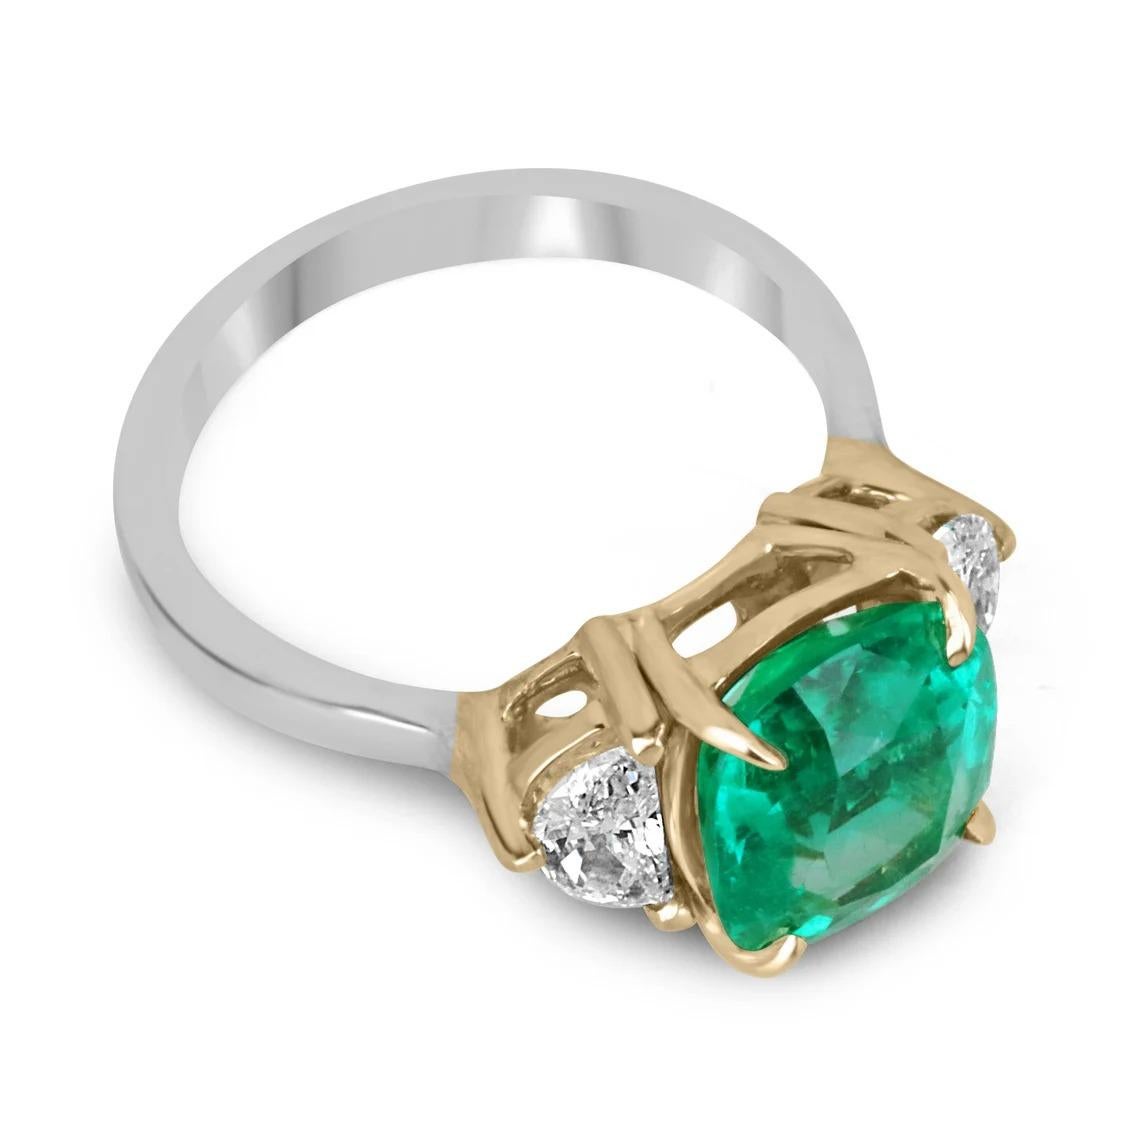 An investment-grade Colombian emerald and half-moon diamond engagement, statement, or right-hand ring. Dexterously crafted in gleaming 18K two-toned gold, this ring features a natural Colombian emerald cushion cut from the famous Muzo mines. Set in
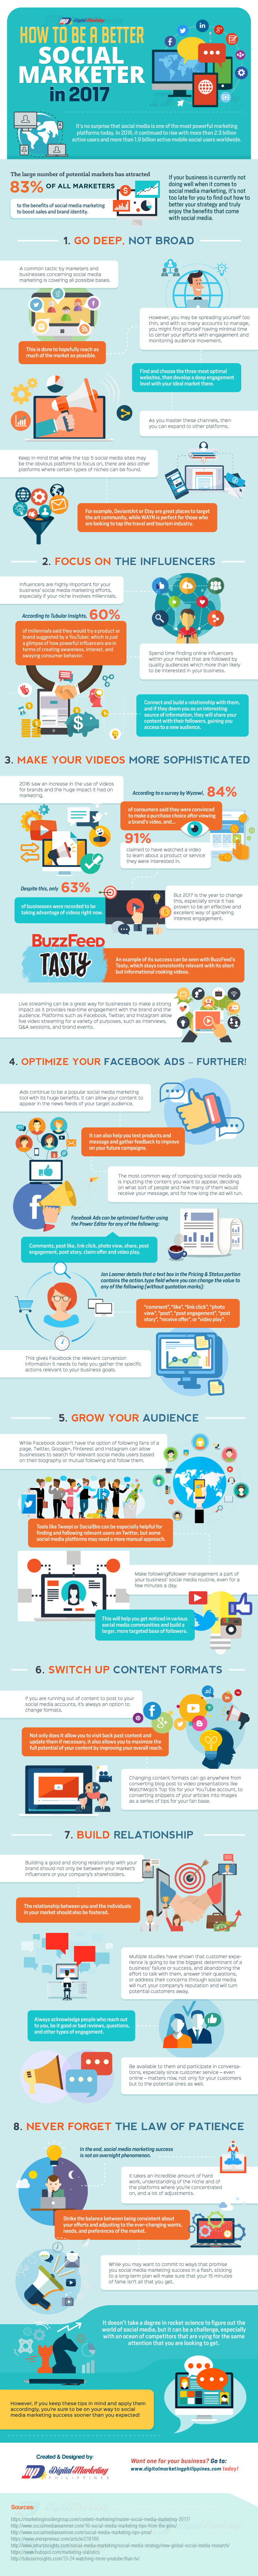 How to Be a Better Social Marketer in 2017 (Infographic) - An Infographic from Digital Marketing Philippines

########

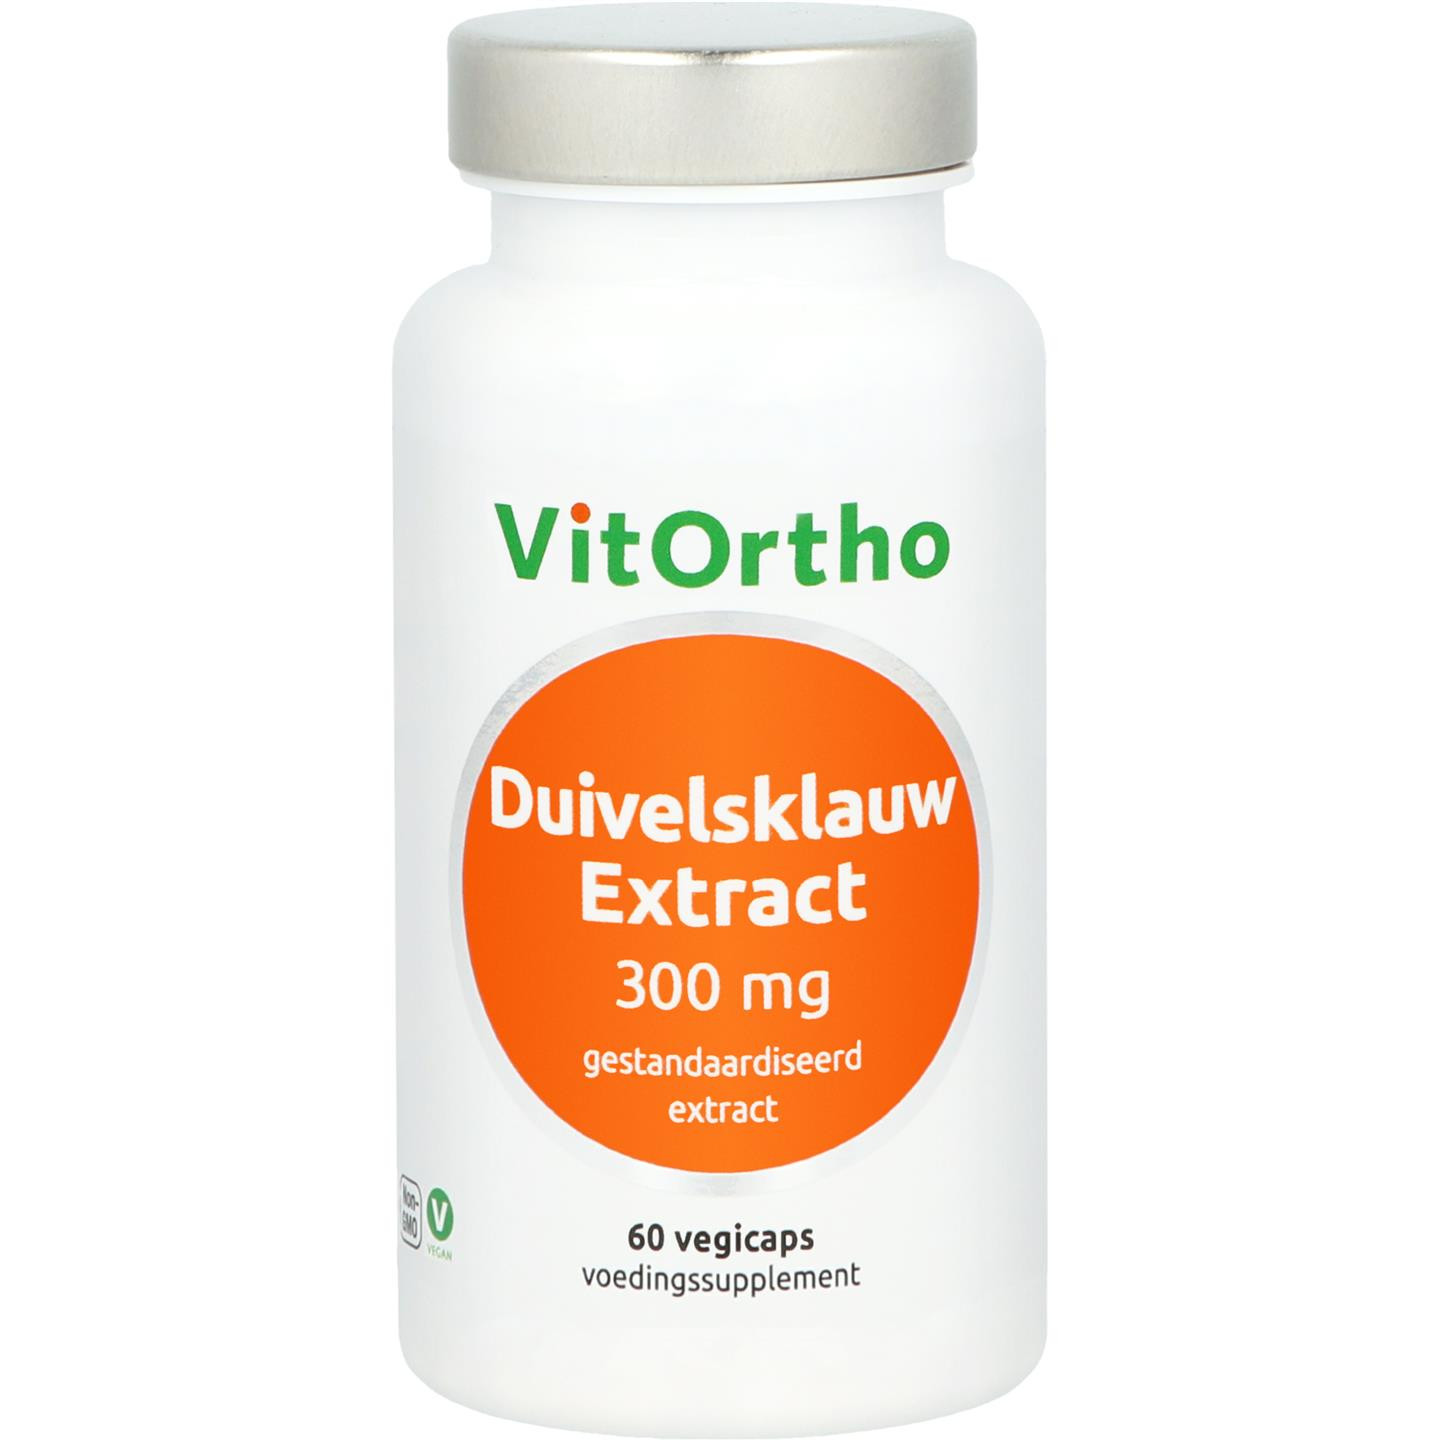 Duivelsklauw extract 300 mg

########

Exercise:
Start with the line above containing "An investment-grade Colombian" and end with the line containing "How to Be a". Set down that stretch exactly, without any pictures.

Response to the task:
 An investment-grade Colombian emerald and half-moon diamond engagement, statement, or right-hand ring. Dexterously crafted in gleaming 18K two-toned gold, this ring features a natural Colombian emerald cushion cut from the famous Muzo mines. Set in
 How to Be a Better Social Marketer in 2017 (Infographic) - An Infographic from Digital Marketing Philippines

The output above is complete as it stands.